(Reuters) – Target Corp’s (TGT.N) holiday-quarter profit forecast fell short of analyst expectations, sending its shares down 10 percent on Wednesday as hopes faded that the retailer would make a shopping season comeback.
Target has missed Wall Street’s fourth-quarter profit expectations for the past two years. It is gearing up for the holidays by cutting prices and introducing delivery options to compete with Wal-Mart Stores Inc (WMT.N) and online sellers, moves that can lure customers but crimp margins.
“It was always unrealistic that Target was going to have a great holiday season in terms of sales or profitability,” said Neil Saunders, managing director of GlobalData Retail, noting pressured margins were already expected based on company guidance.
“This is still a very competitive environment, and Target has no choice but to respond to that.. the problem is that Wall Street don’t necessarily understand this,” he added.
The big-box chain forecast adjusted earnings of $1.05 to $1.25 per share for the fourth quarter, a range largely below the average analyst estimate of $1.24. It expects same-store sales in the quarter in a range of flat to 2 percent higher.

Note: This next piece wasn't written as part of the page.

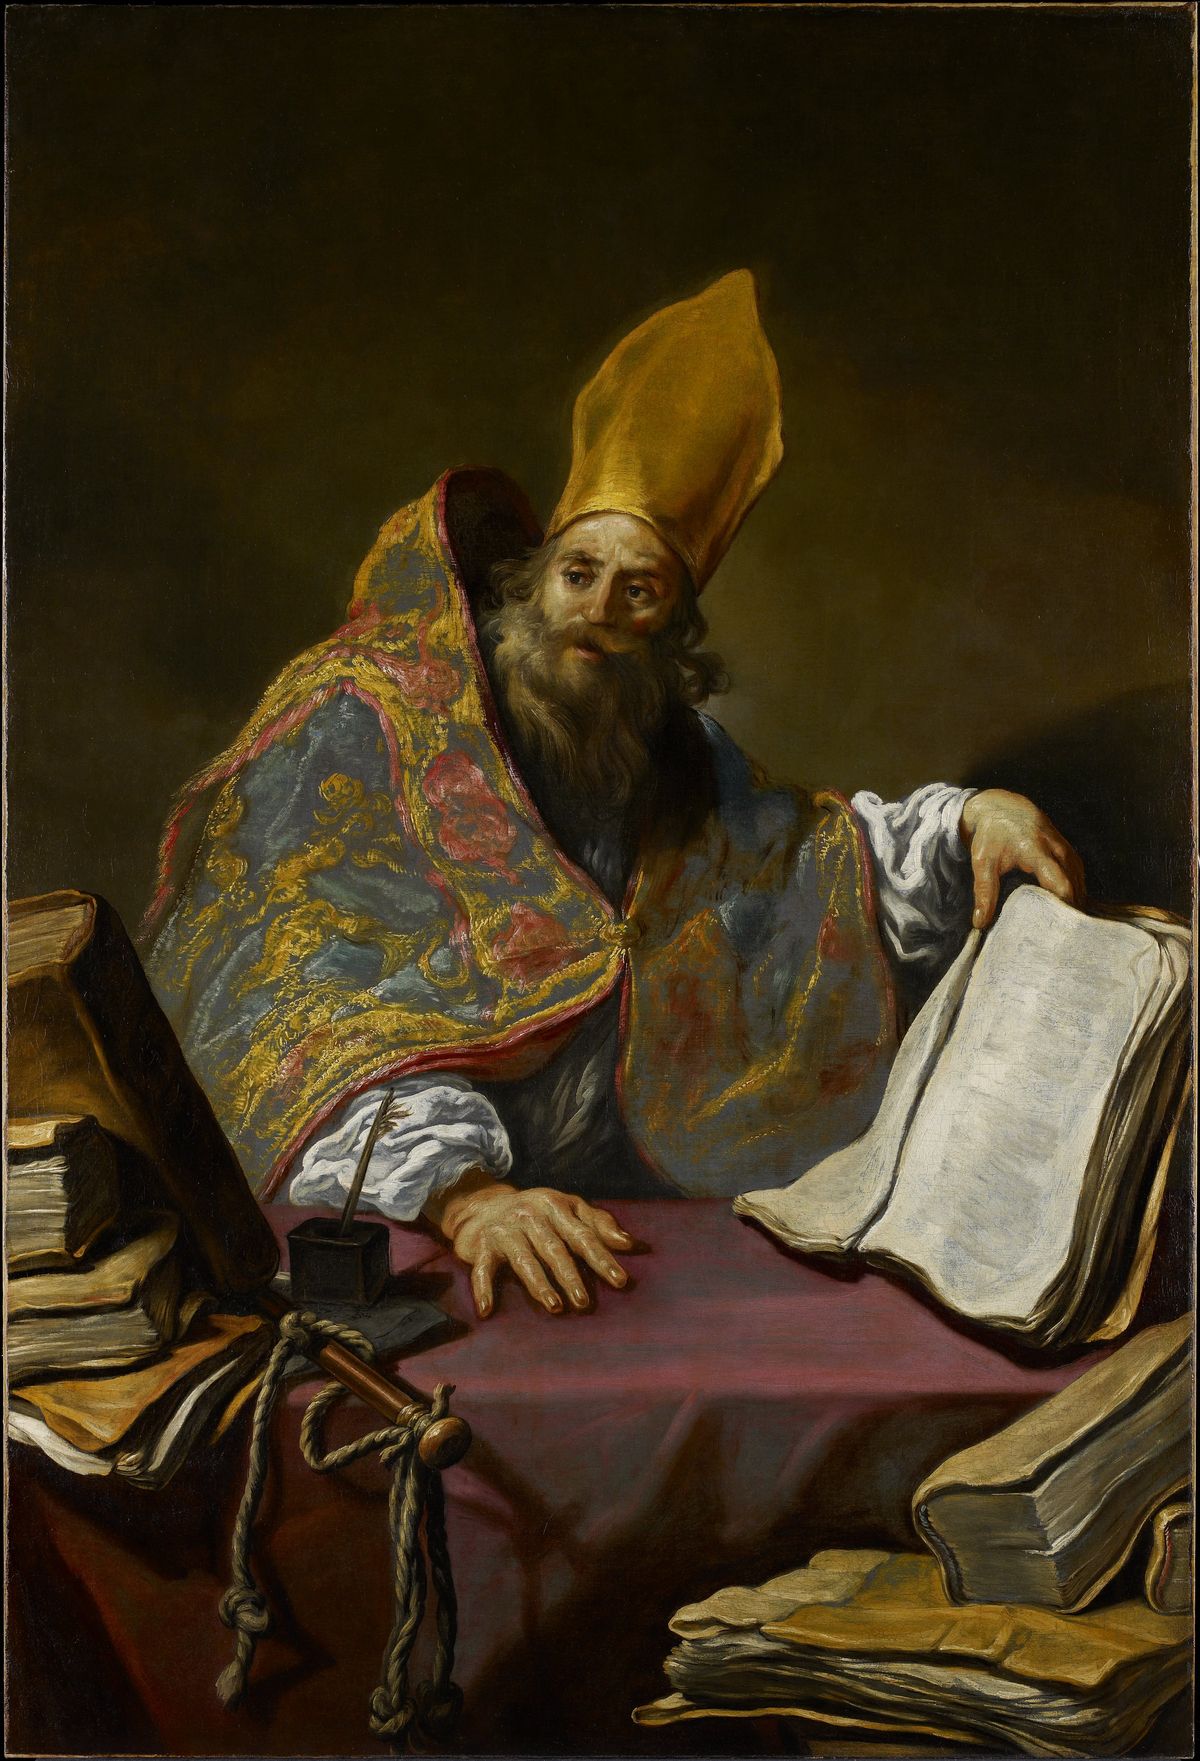 Saint Ambrose by Claude Vignon (1623-1625) - Public Domain Catholic Painting

The holiday season can represent 20 percent to 40 percent of annual sales for many retailers.
In October, Target said most of its holiday gifts would cost less than $15 and that it would offer customers free shipping beginning in November.

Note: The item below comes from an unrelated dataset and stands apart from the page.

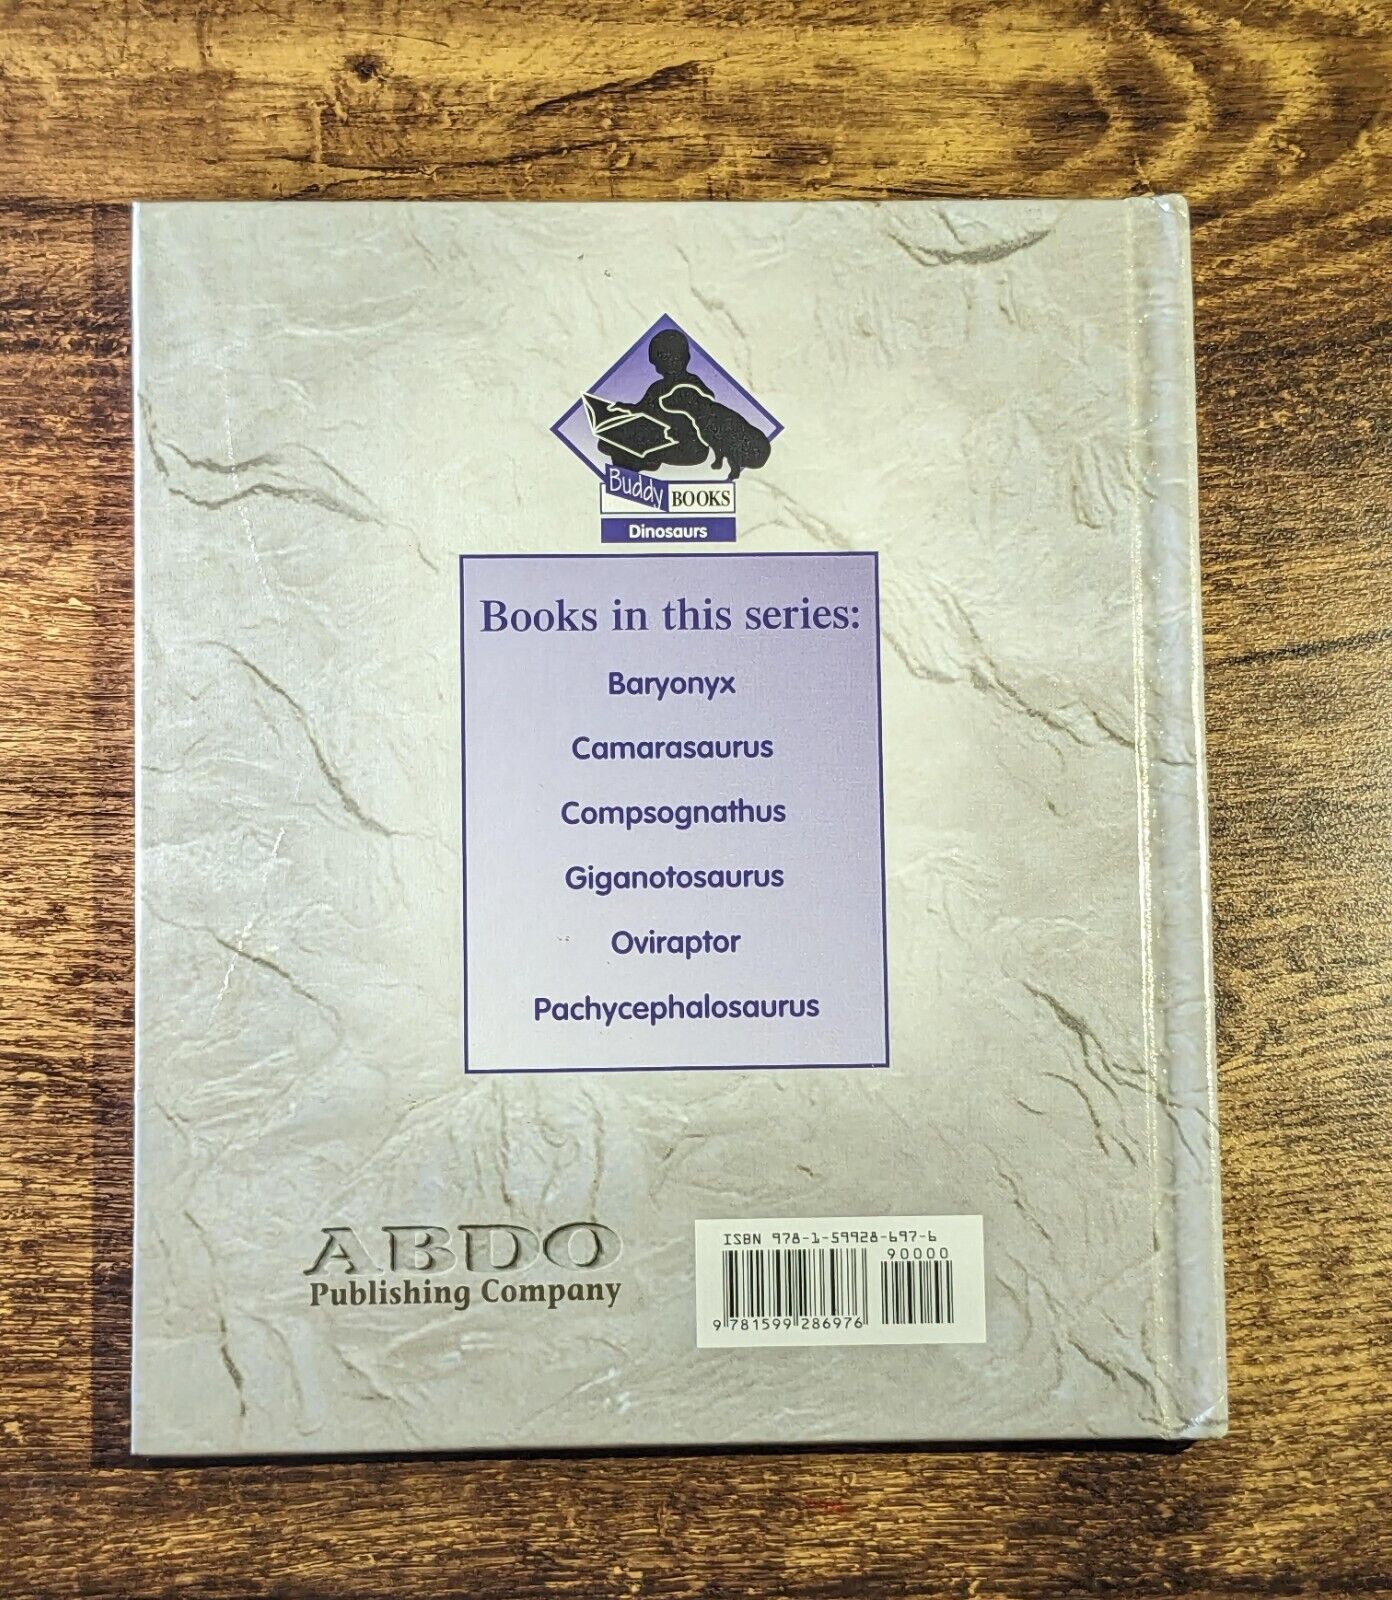 Giganotosaurus by Goecke, Michael P. (Hardcover) - Asylum Books

It also has hired 100,000 temporary holiday workers, up from 70,000 in each of the prior four years, and raised its minimum hourly wage this year by 10 percent.
Target shares have lost about 17 percent since the start of the year and were down 9.2 percent at $54.59 in midday trading.
Target’s third-quarter gross margin slipped to 29.7 percent from 29.8 percent, and Chief Financial Officer Cathy Smith said margin pressure should continue into the holiday quarter.
Target will try to grab more of the lucrative holiday toy market, following the September bankruptcy and ongoing restructuring of Toys “R” Us, the biggest U.S. toy chain.
“We are playing to win in toys. We think there is opportunity to expand share,” Chief Executive Brian Cornell said on a media call.
Third-quarter same-store sales topped estimates, rising 0.9 percent in the quarter as price cuts drove a 24 percent jump in comparable online sales. Analysts expected a 0.4 percent increase, according to Thomson Reuters I/B/E/S.
In a turnaround announced in February, Cornell vowed to double the number of small-format stores, invest heavily in e-commerce, aggressively promote products and keep grocery prices low to compete with Wal-Mart, Amazon.com Inc (AMZN.O) and supermarket chain Kroger Co (KR.N).
Target’s Chief Merchandising Officer Mark Tritton said comparable grocery sales rose slightly, helped by demand for produce.
But pricing pressure on groceries is continuing to intensify. Amazon on Wednesday unveiled more discounts on several products at its Whole Foods Market with Thanksgiving around the corner, sending shares in U.S. grocers lower.
Excluding items, Target earned a profit of 91 cents per share in the quarter ended Oct. 28, beating the average estimate of 86 cents. Sales rose 1.4 percent to $16.67 billion, topping the average estimate of $16.61 billion.